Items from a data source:
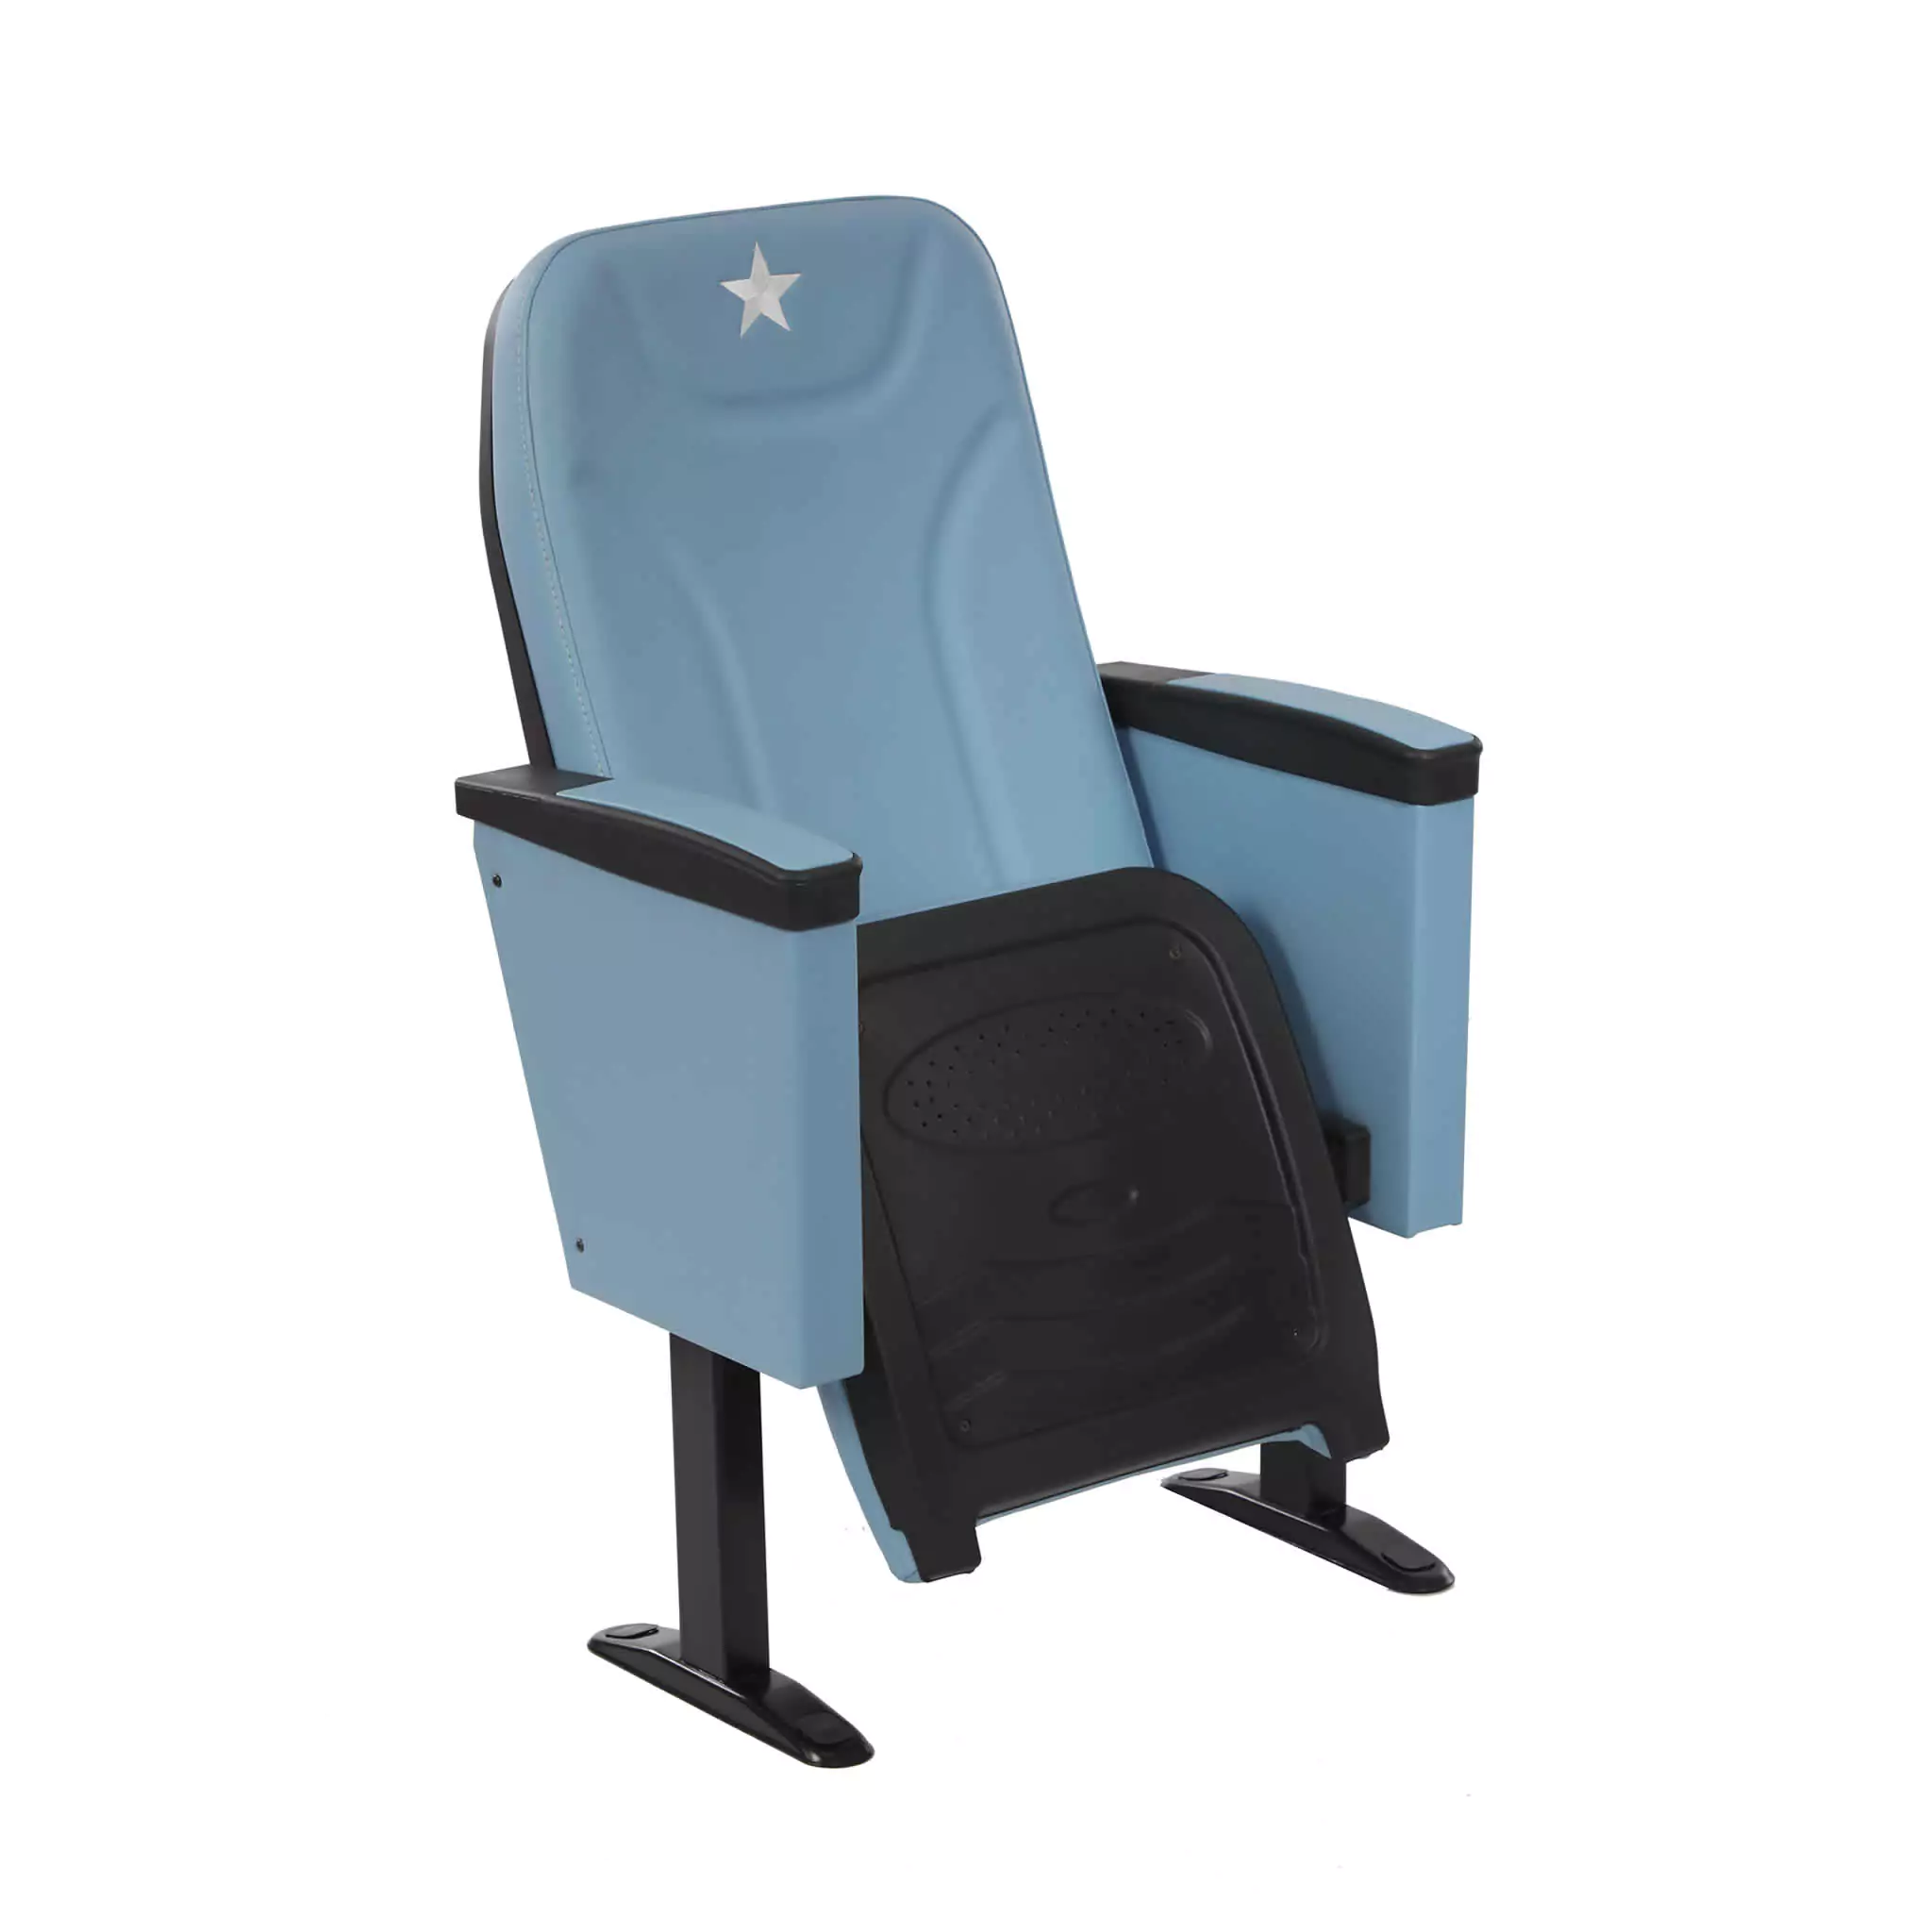 Simko Seating Product Conference Seat Zirkon 05
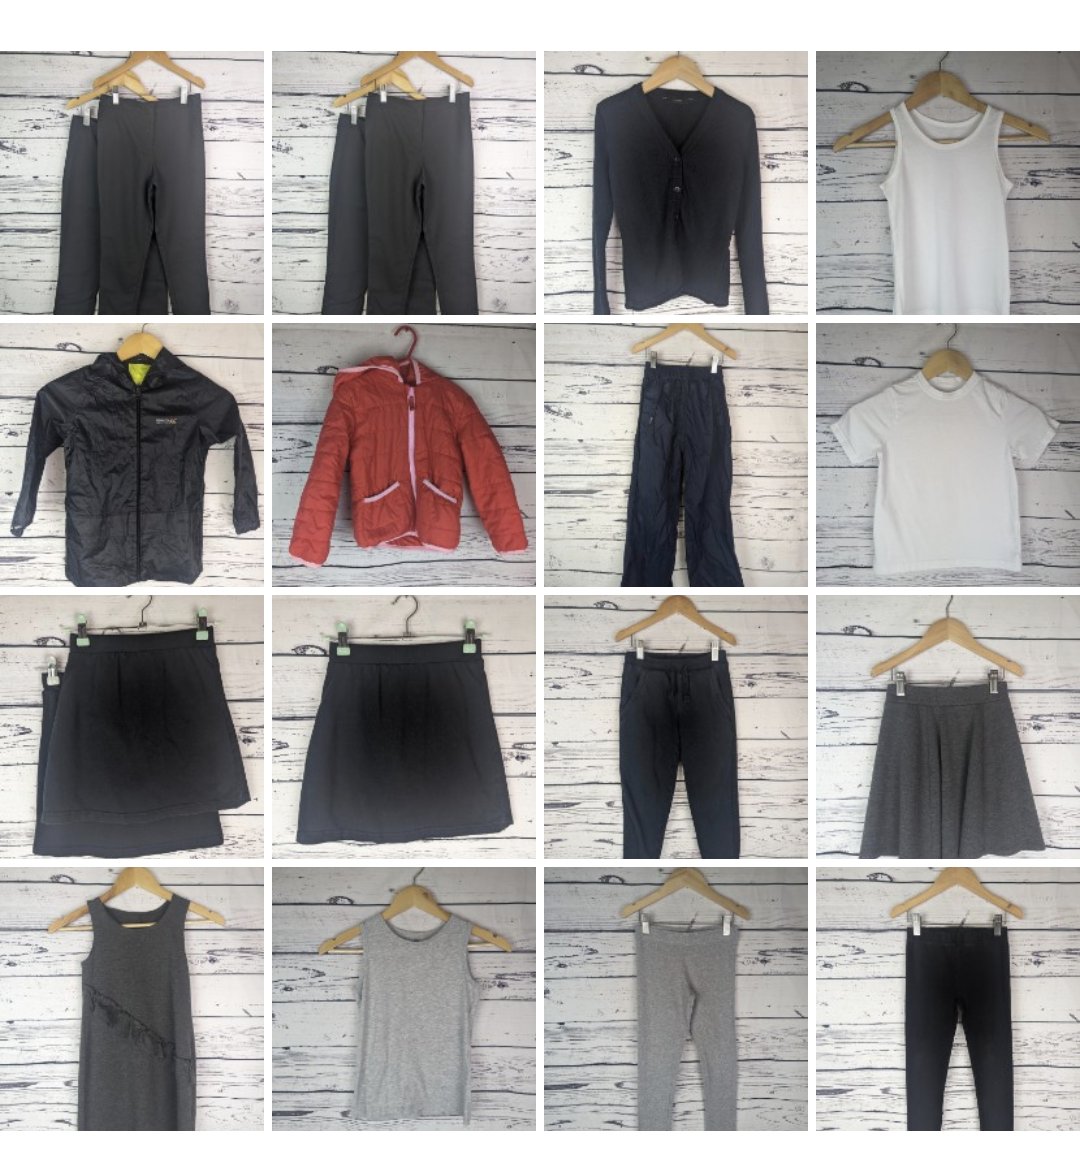 Good evening!

I'm still working 🥱 But needs must!

Here is the upload of school Clothing, 46 items of school wear! Girls, Boys & Neutral! 

littleonespreloved.co.uk 

#schoolwear #prelovedschoolwear #prelovedschoolclothes #schoolclothing #affordableclothing #affordablefashion
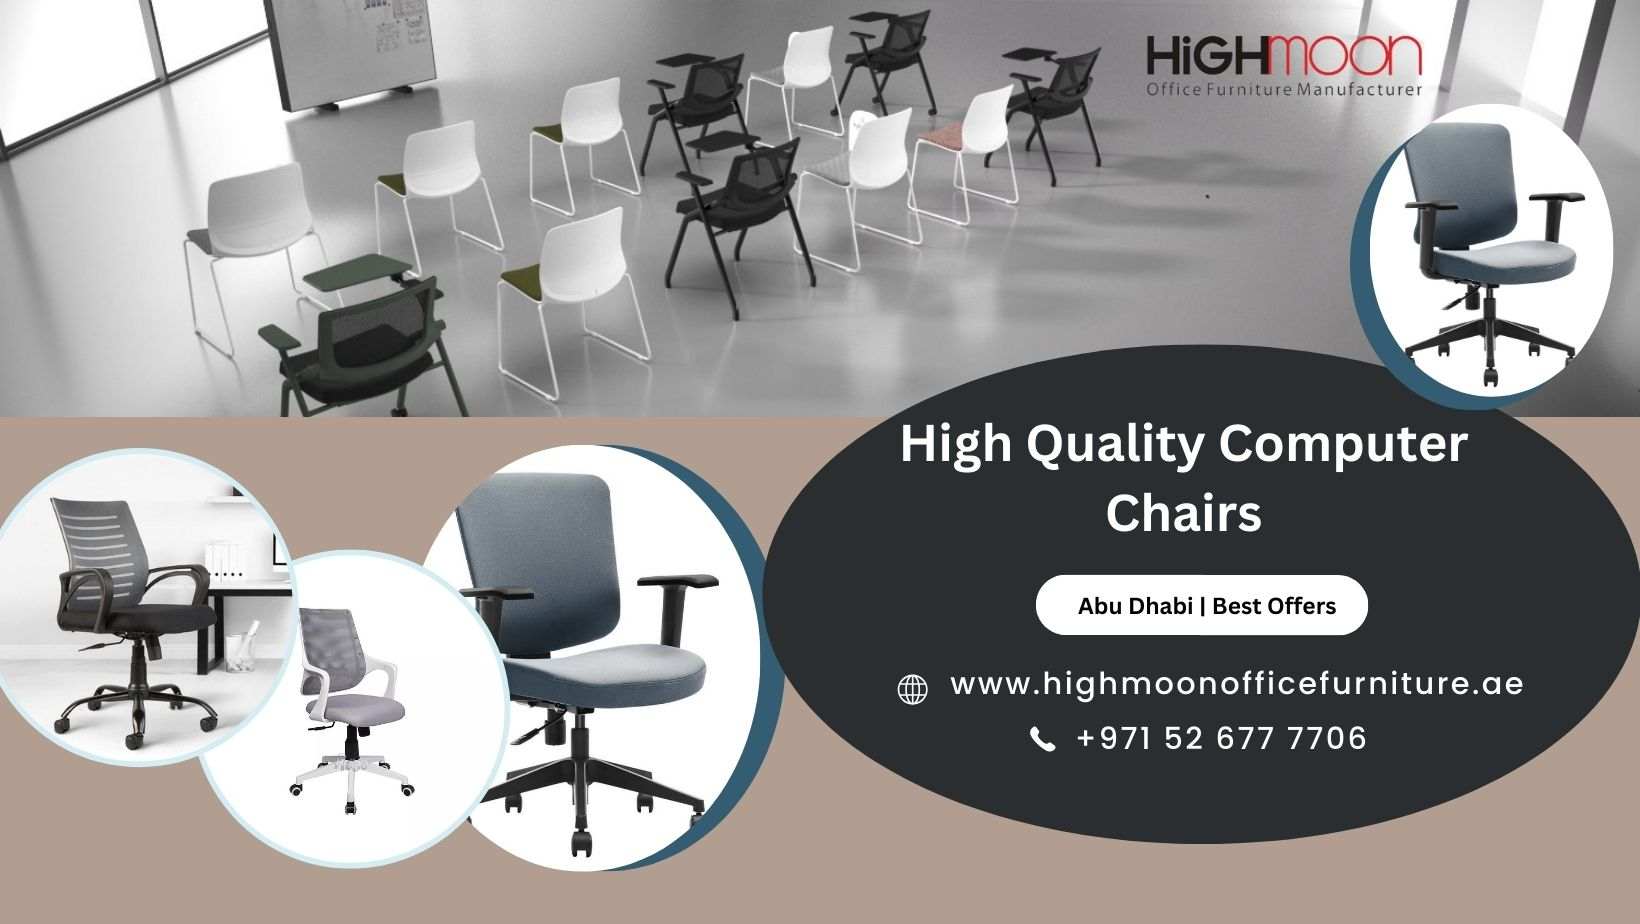 High Quality Computer Chairs for Sale in Abu Dhabi Best Offers

= Requirement =
Beginning with the first line of the entries above, repeat each line word for word until the line with "#schoolwear #prelovedschoolwear #prelovedschoolclothes" has been given too. Omit the pictures.

= Task answer =
 Simko Seating Product Conference Seat Zirkon 05
 Good evening!

I'm still working 🥱 But needs must!

Here is the upload of school Clothing, 46 items of school wear! Girls, Boys & Neutral! 

littleonespreloved.co.uk 

#schoolwear #prelovedschoolwear #prelovedschoolclothes #schoolclothing #affordableclothing #affordablefashion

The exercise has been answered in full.